__Given data__
§ §

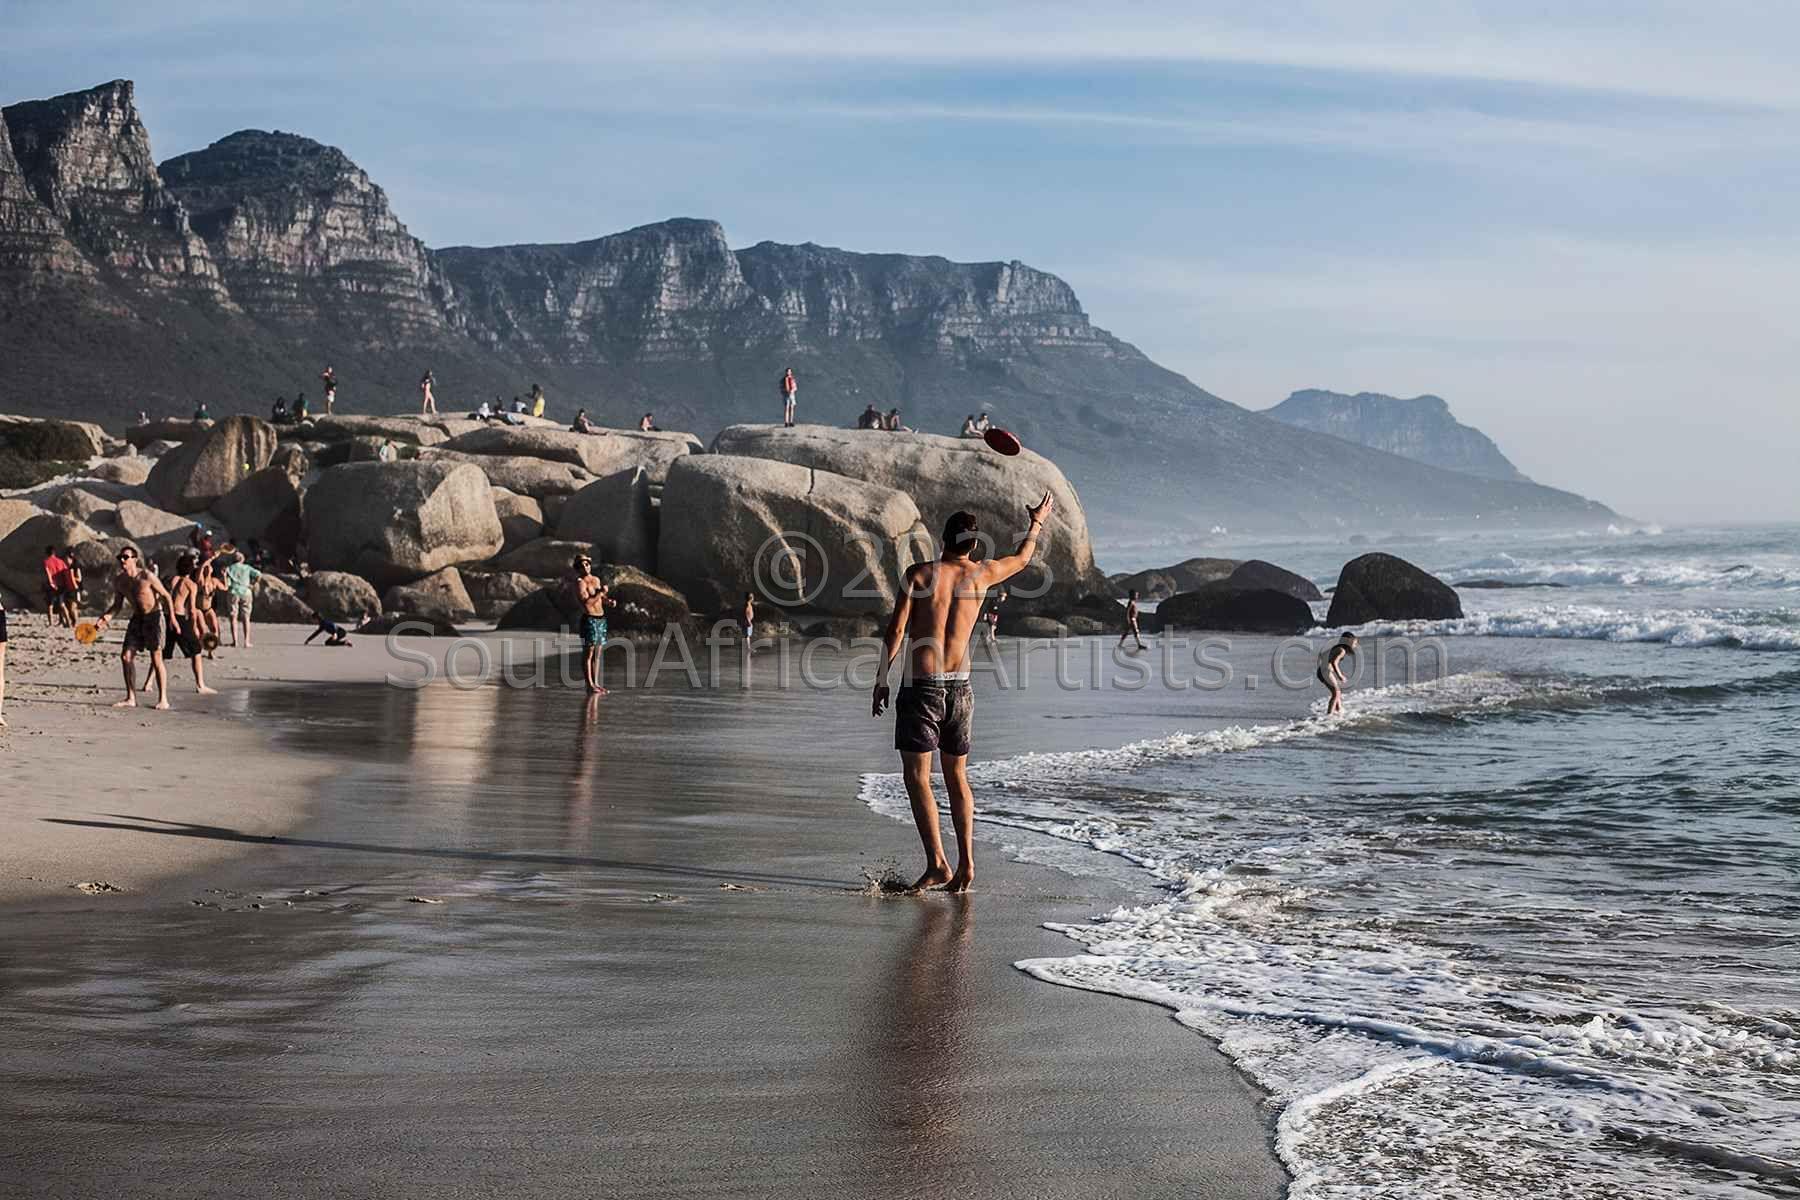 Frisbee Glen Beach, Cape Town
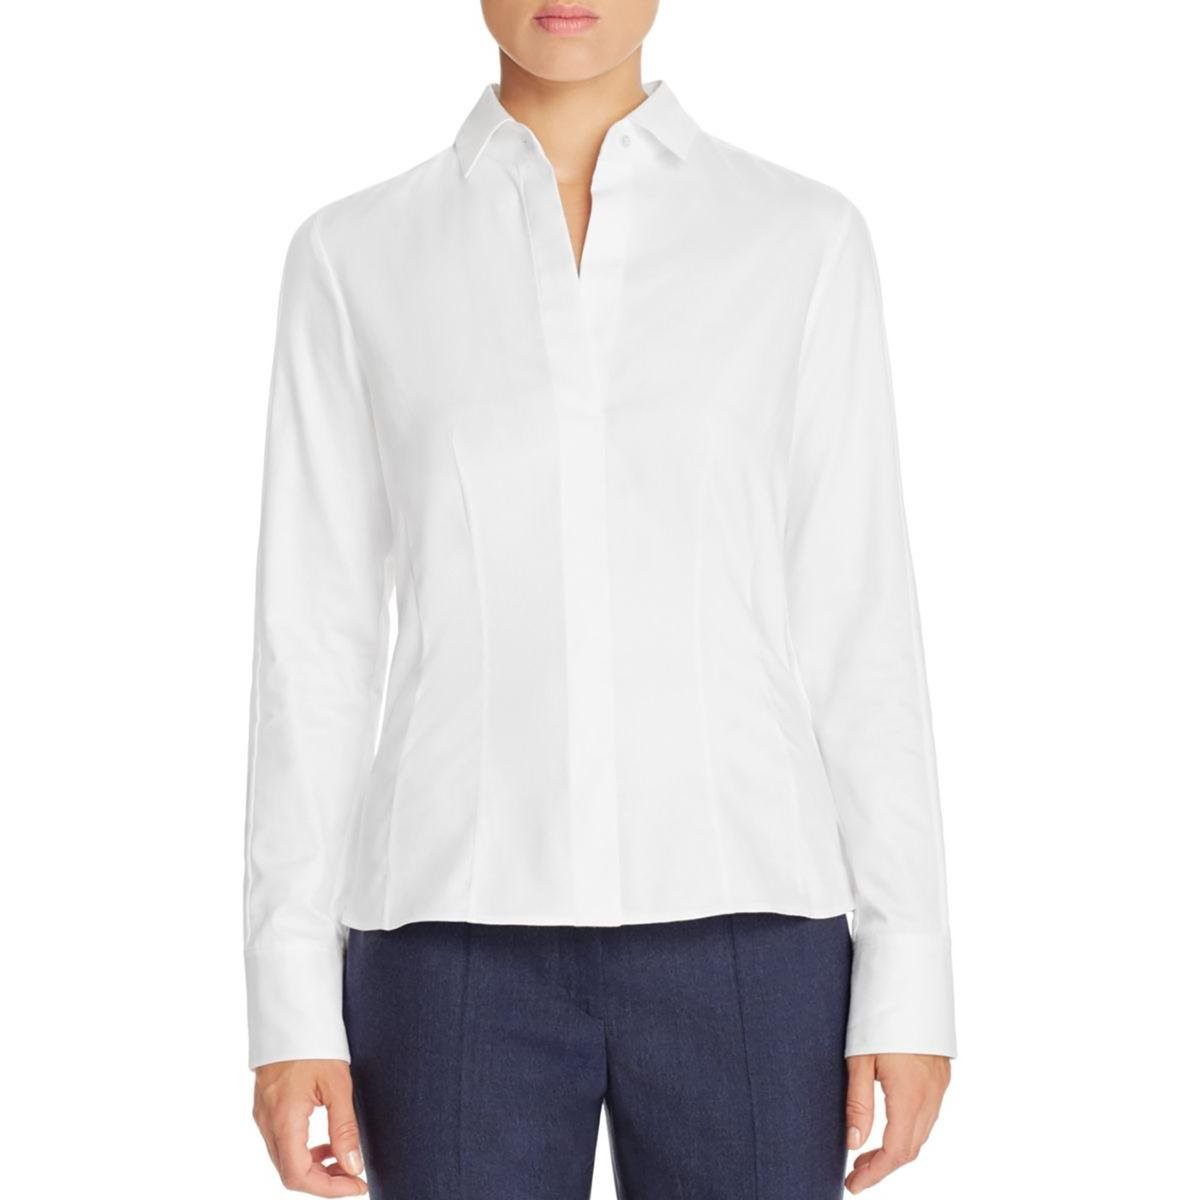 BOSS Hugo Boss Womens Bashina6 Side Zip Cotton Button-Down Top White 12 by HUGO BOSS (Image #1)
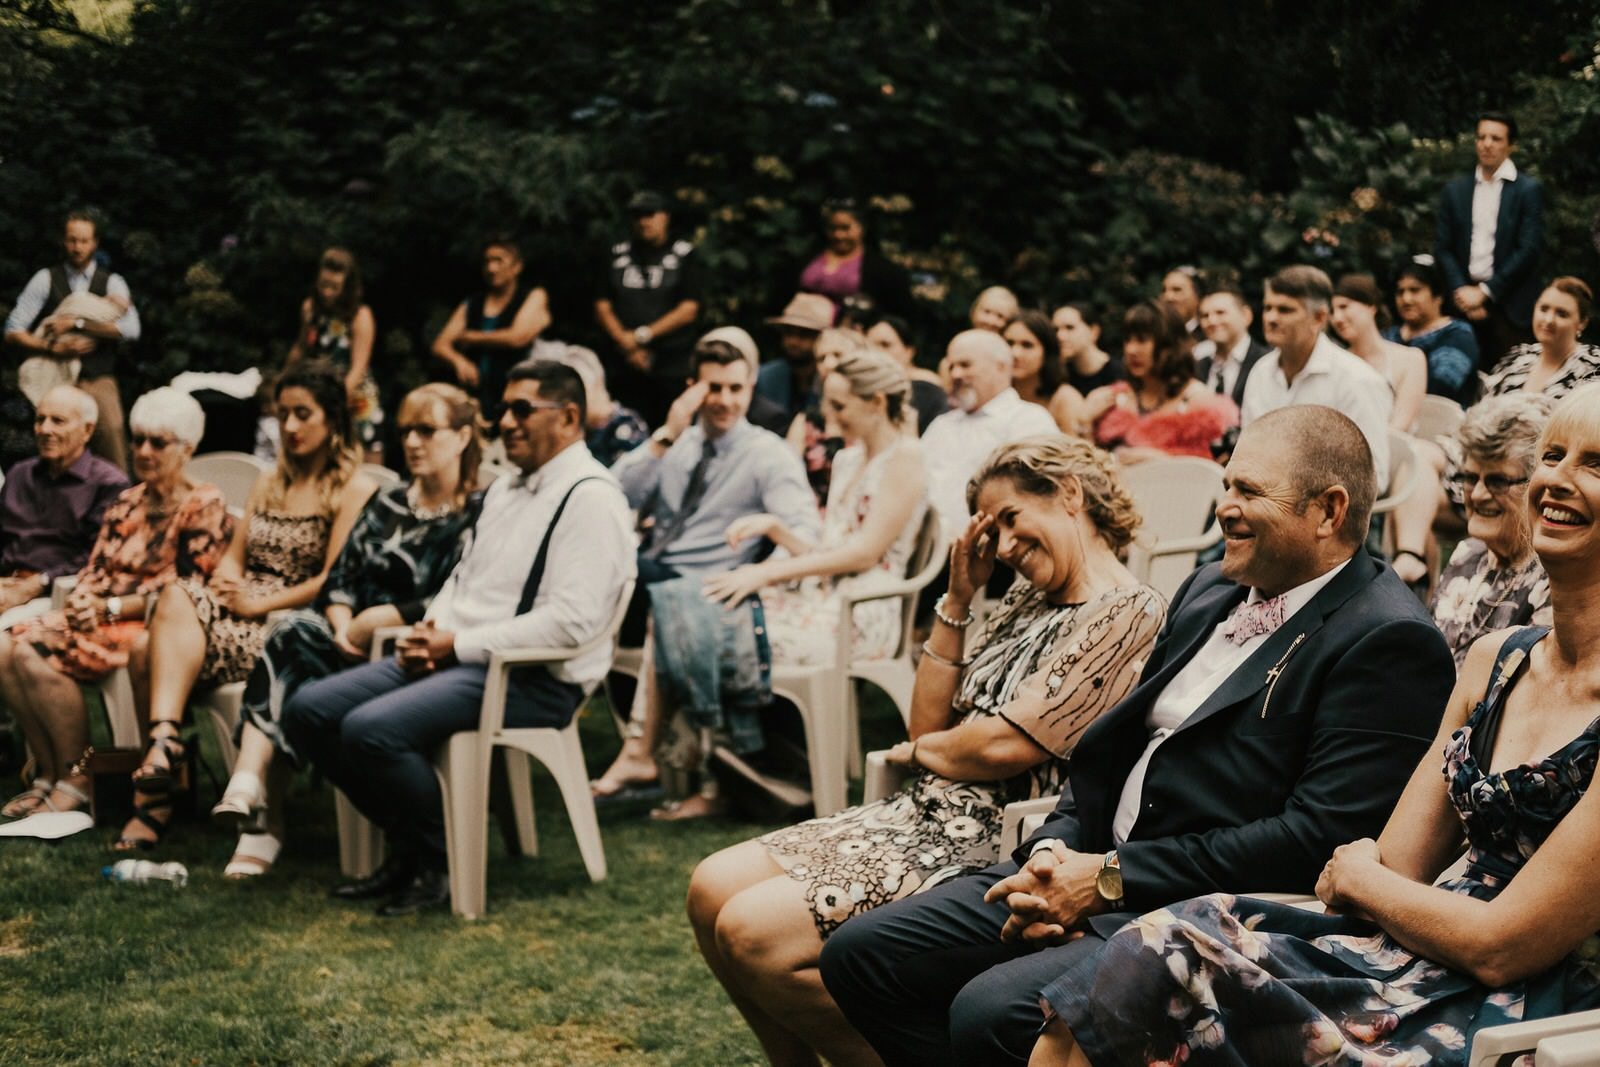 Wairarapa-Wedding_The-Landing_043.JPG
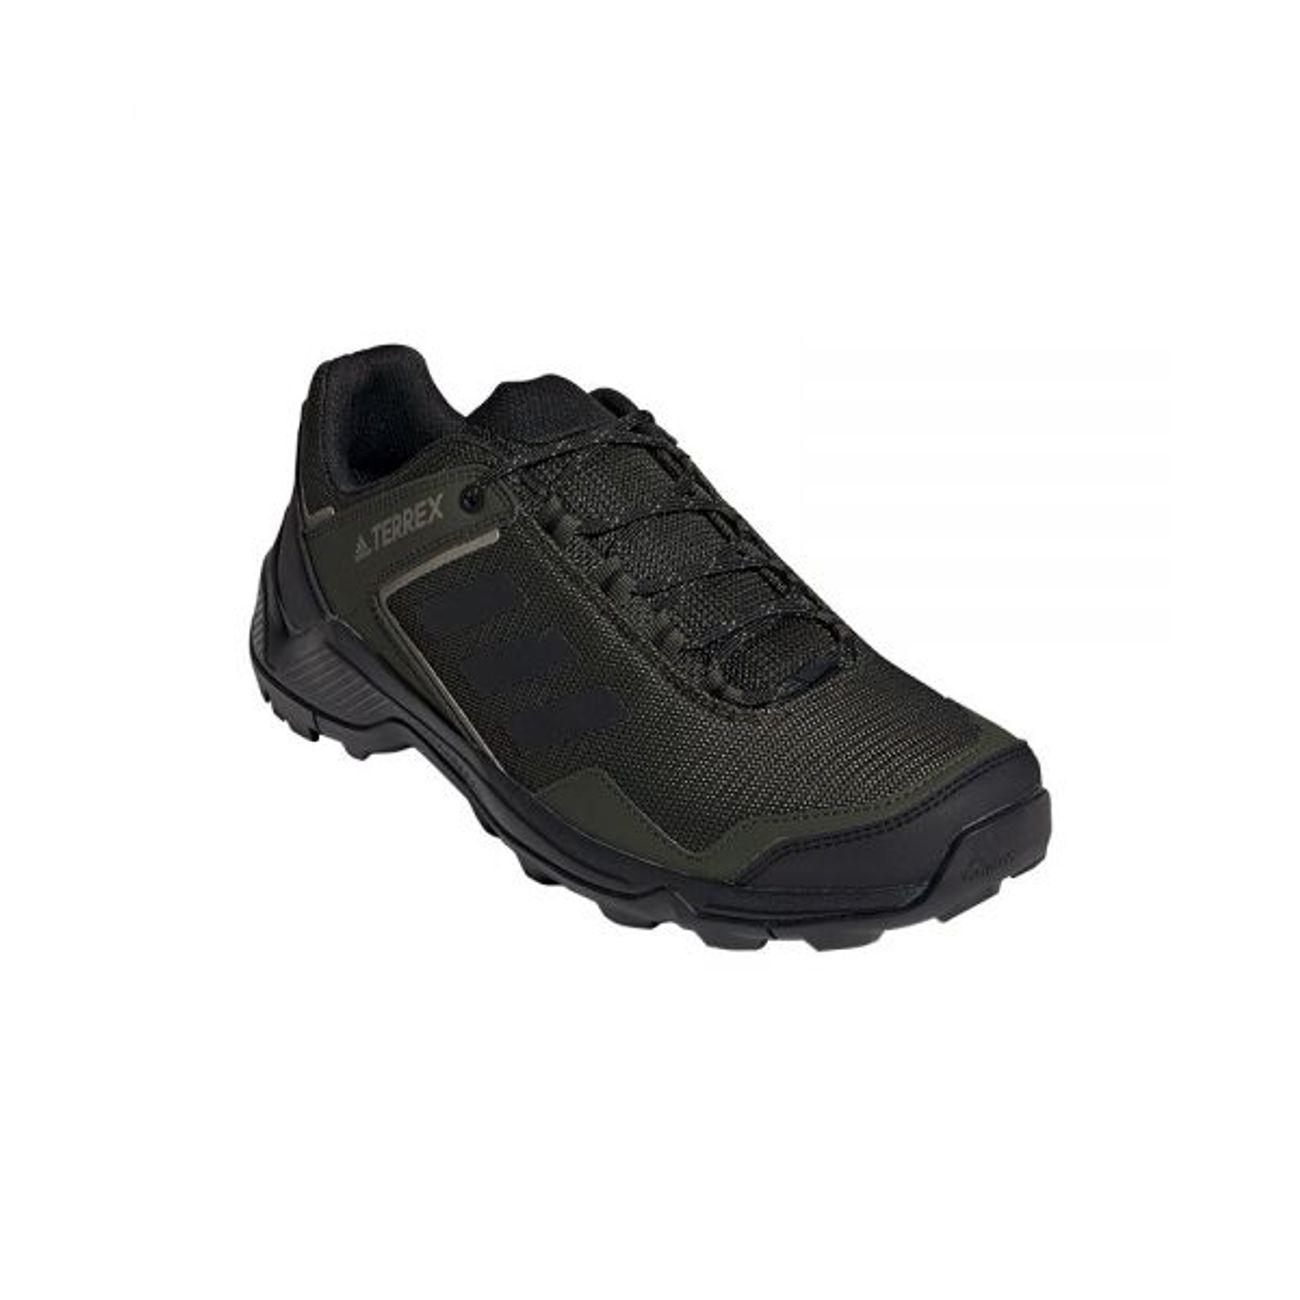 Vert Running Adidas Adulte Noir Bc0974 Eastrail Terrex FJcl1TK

§ §

__Task requirements__
Pictures are not part of the copy. Reproduce the lines from the one with "Wairarapa-Wedding_The-Landing_043.JPG" through the end of the listing above.

__Answer box__
 Wairarapa-Wedding_The-Landing_043.JPG
 Vert Running Adidas Adulte Noir Bc0974 Eastrail Terrex FJcl1TK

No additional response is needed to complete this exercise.